[Melbourne-pm] DateTime::new
Tim Connors
tconnors at astro.swin.edu.au
Sun Dec 9 16:49:38 PST 2007
I've got code that makes extensive use of DateTime::new via
DateTime->from_epoch() and
DateTime::Format::Strptime->parse_datetime()
I've recently noticed a rather large regression in speed of these calls
(factors of many).
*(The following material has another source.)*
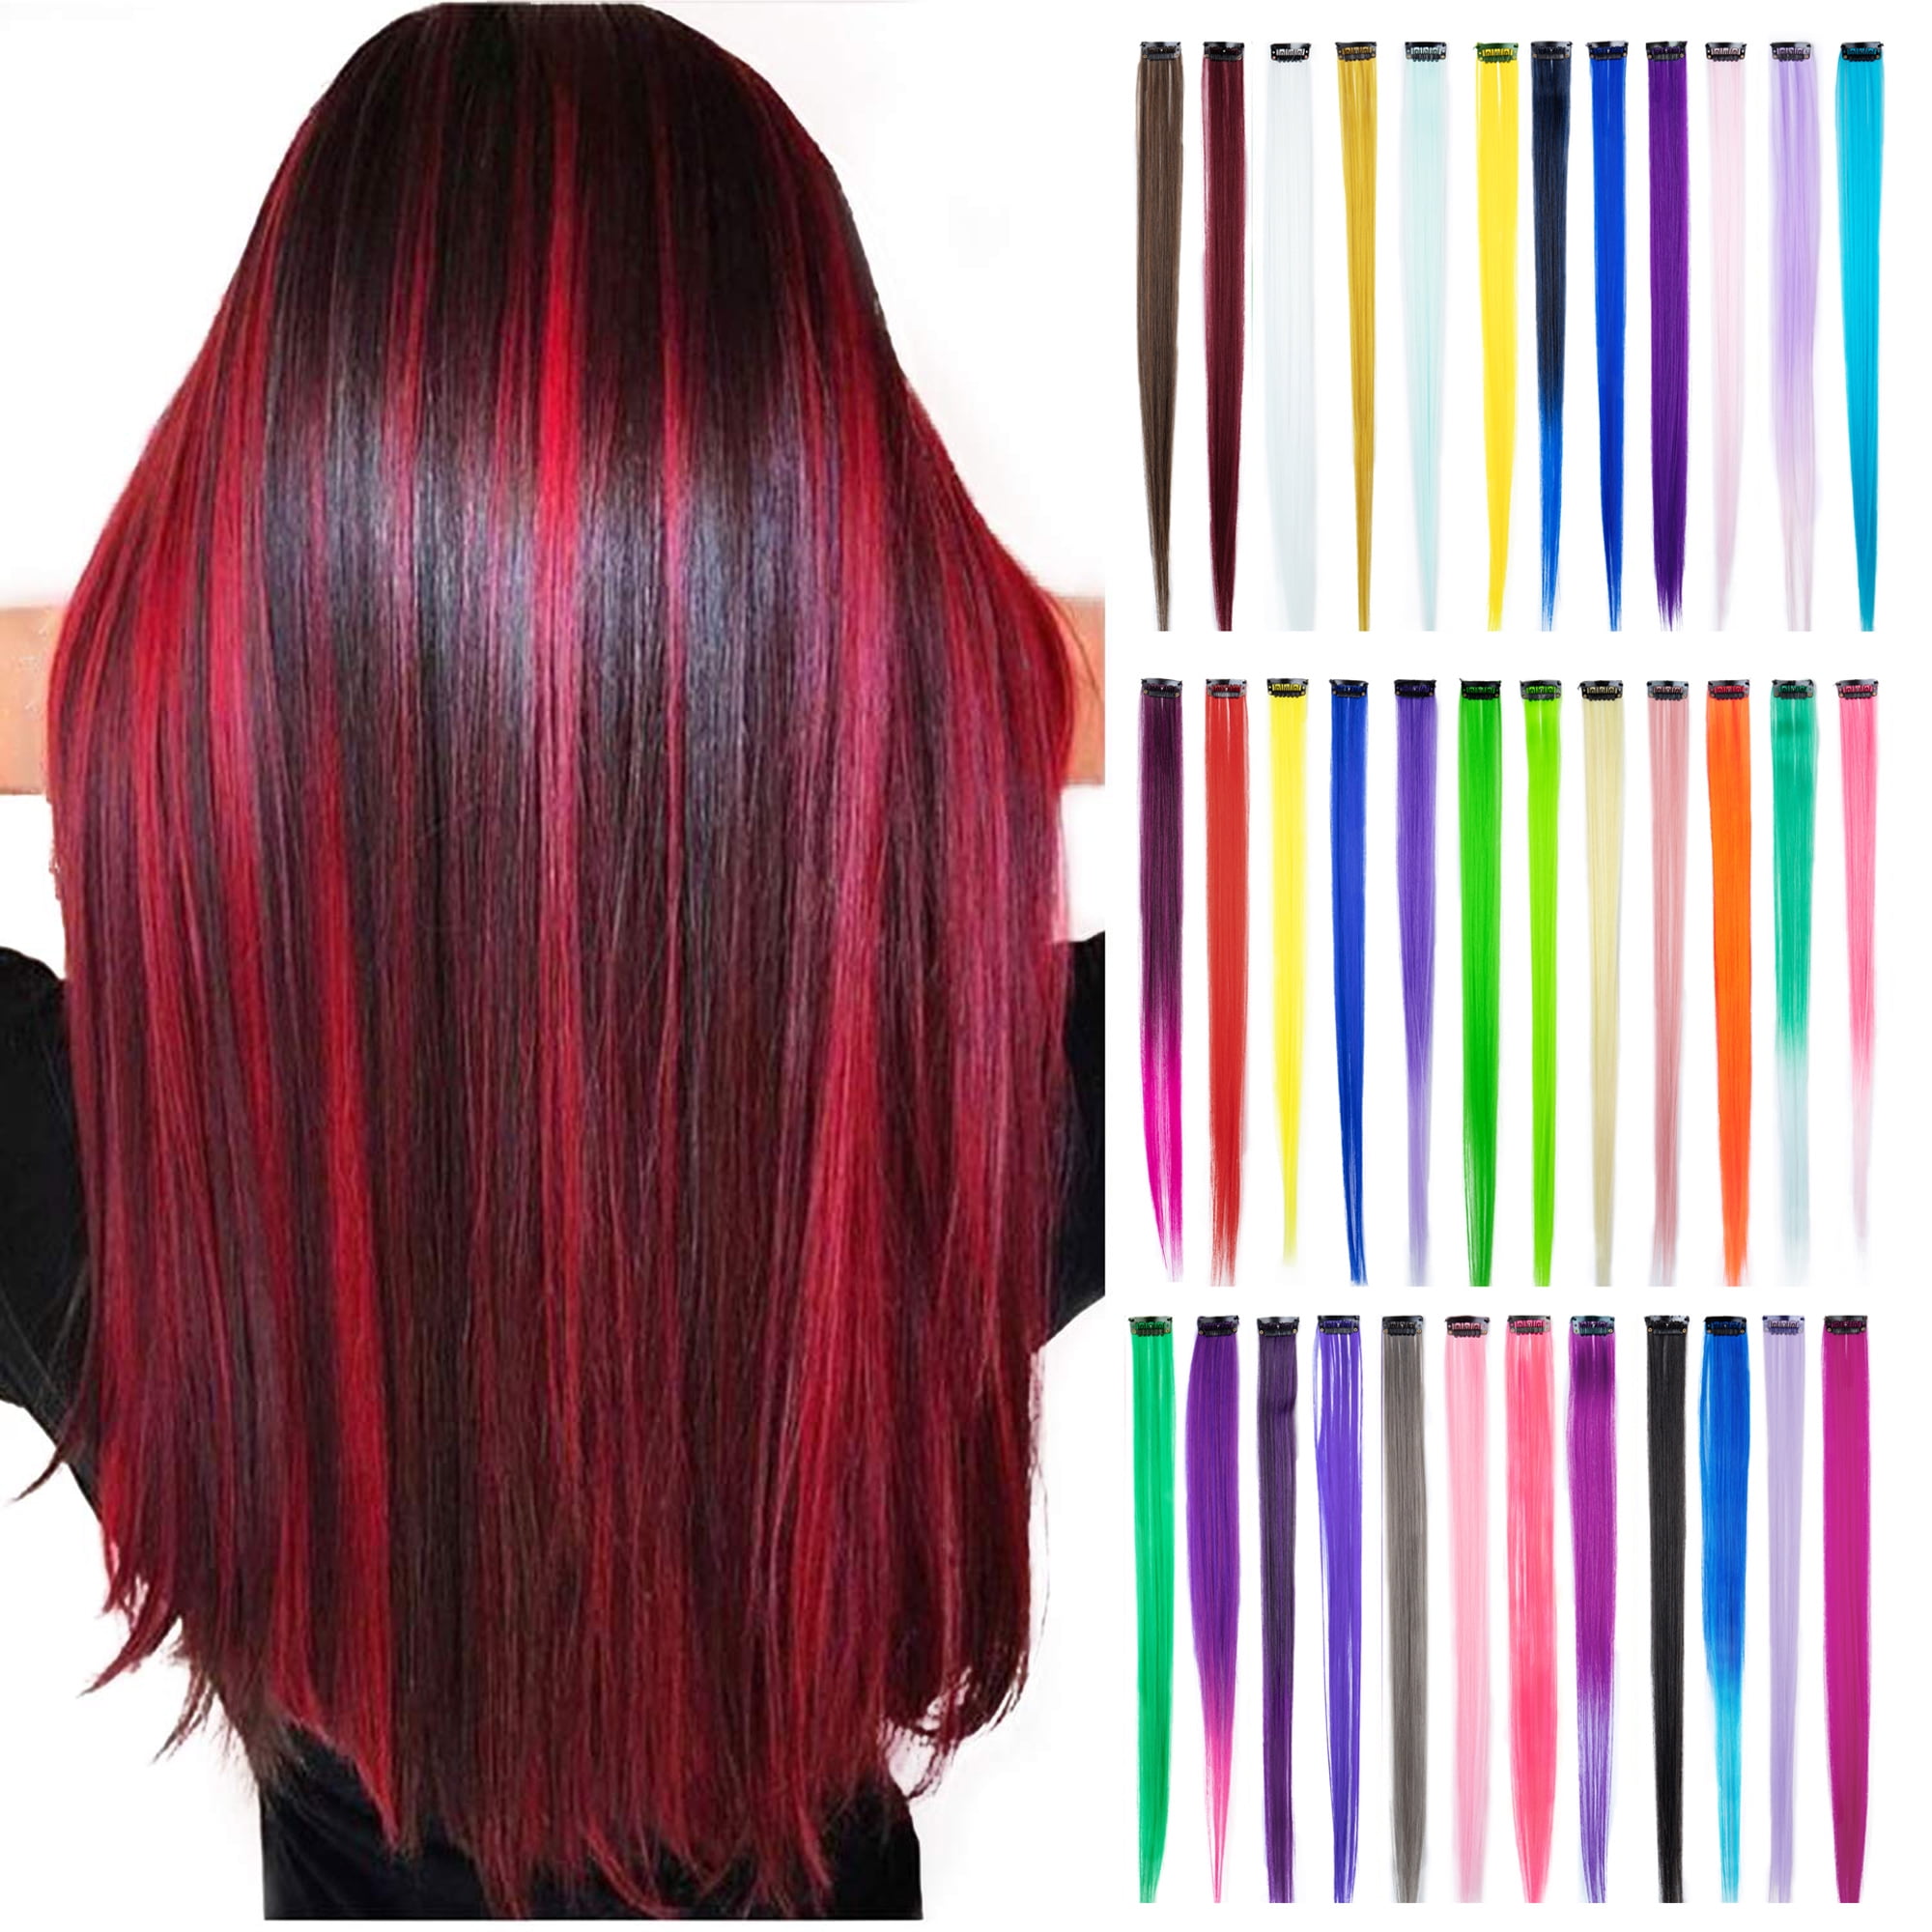 Colored Clip in Hair Extensions, Colorful Straight Long Hair Extensions  Party Highlights Clip in Hairpiece for Kids Girls,36 Pcs (27 Pure Color & 9  Gradient Colors) 22 Inch

I don't think it's the actual modules, since I hadn't
touched CPAN in quite some time, and I recall having upgraded my
distribution's perl in the past to version 5.8.8 I think (from somewhere
around 5.8.0), balking at the speed of these calls, downgrading back to
whereever it came from and seeing the speed go back to a good healthy
speed again.
However, looks like the distribution (centos 4 == redhat enterprise 4) has
forced an upgrade of perl to 5.8.8 this time, and I get the slow DateTime
calls again.
Would anyone have any idea as to what might have changed?
The results of dprofpp -u -p:
55.9 24.11 30.600 17409 0.0014 0.0018 DateTime::new
7.67 3.306 3.478 17908 0.0002 0.0002 Params::Validate::_validate
7.15 3.079 33.580 8686 0.0004 0.0039 DateTime::Format::Strptime::parse_
datetime
...
(and I believe the DateTime::new is coming almost exclusively from
DateTime::Format::Strptime::parse_datetime in this case, so it must be
initialising it twice for whatever reason)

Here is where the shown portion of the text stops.